**Data for processing**:
* * *
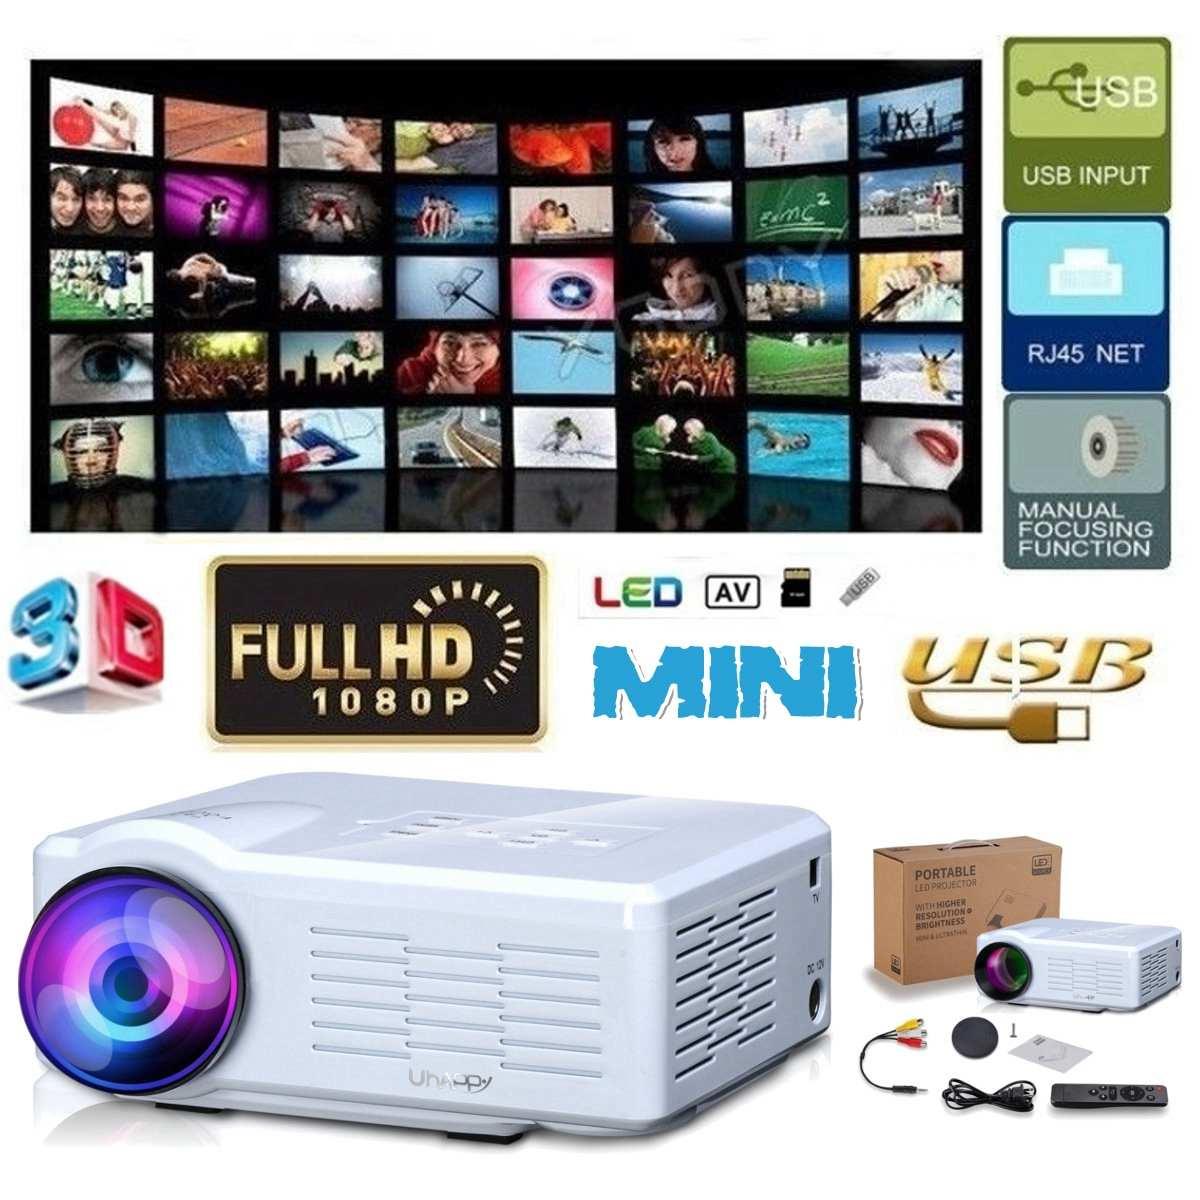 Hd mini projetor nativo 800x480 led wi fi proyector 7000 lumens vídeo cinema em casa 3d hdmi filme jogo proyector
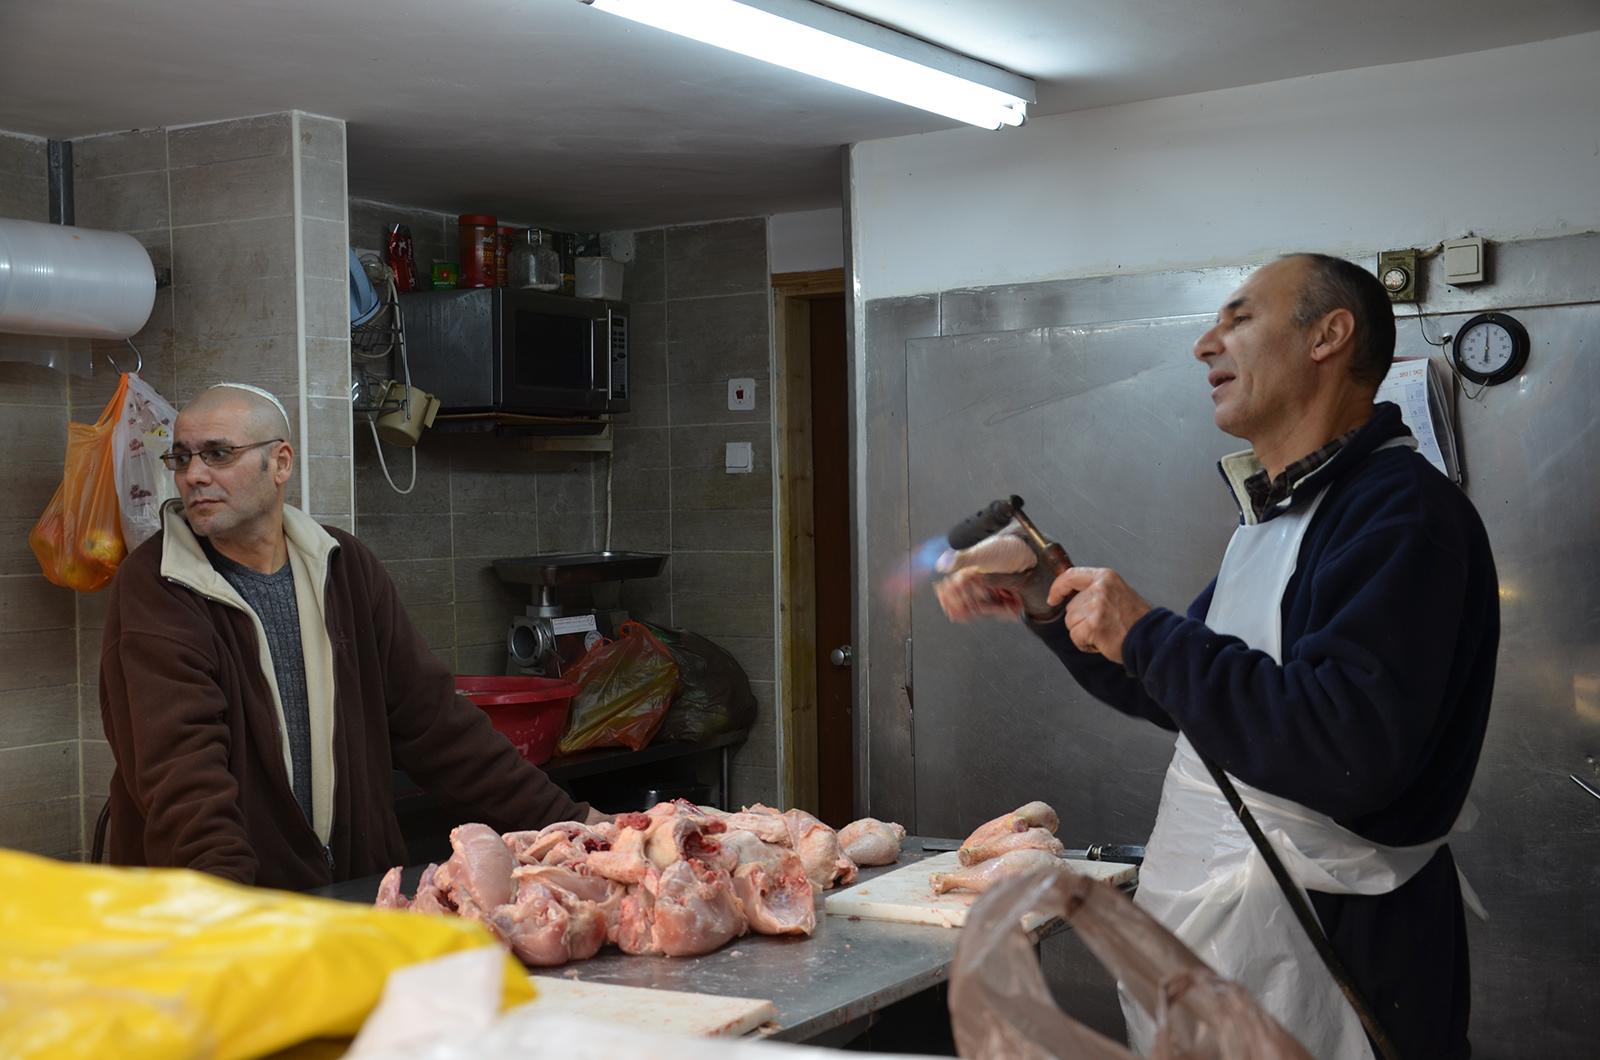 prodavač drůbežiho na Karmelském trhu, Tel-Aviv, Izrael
* * *
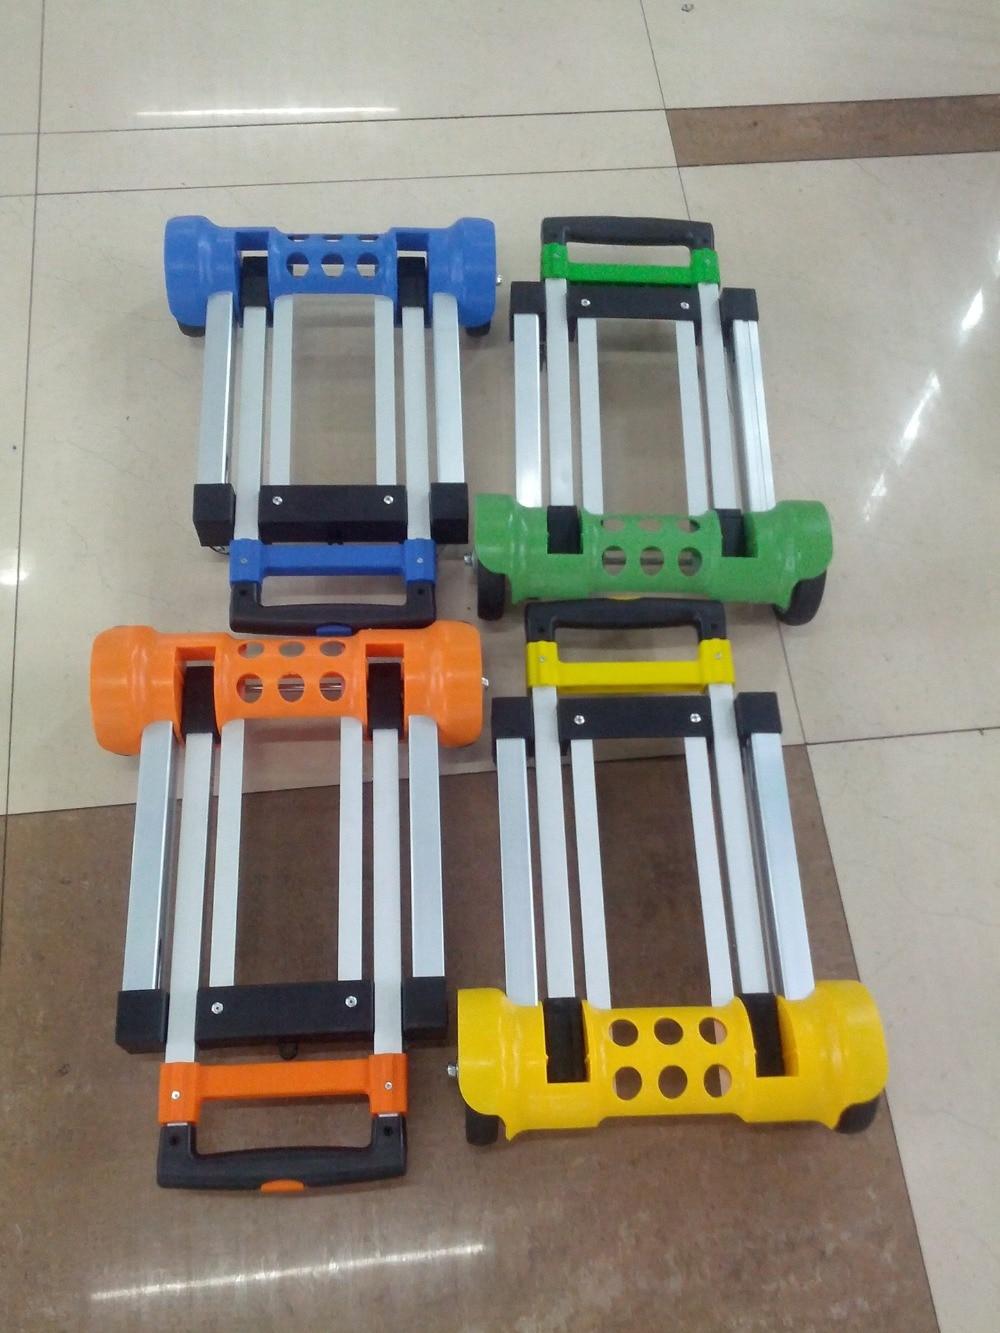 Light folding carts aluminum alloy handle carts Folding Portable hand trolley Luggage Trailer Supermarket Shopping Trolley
* * *
**Your task**: From the records above, copy only the lines running from the line containing "Hd mini projetor" to the line containing "prodavač drůbežiho na", both ends included. Leave the pictures out.

**Task answer**:
 Hd mini projetor nativo 800x480 led wi fi proyector 7000 lumens vídeo cinema em casa 3d hdmi filme jogo proyector
 prodavač drůbežiho na Karmelském trhu, Tel-Aviv, Izrael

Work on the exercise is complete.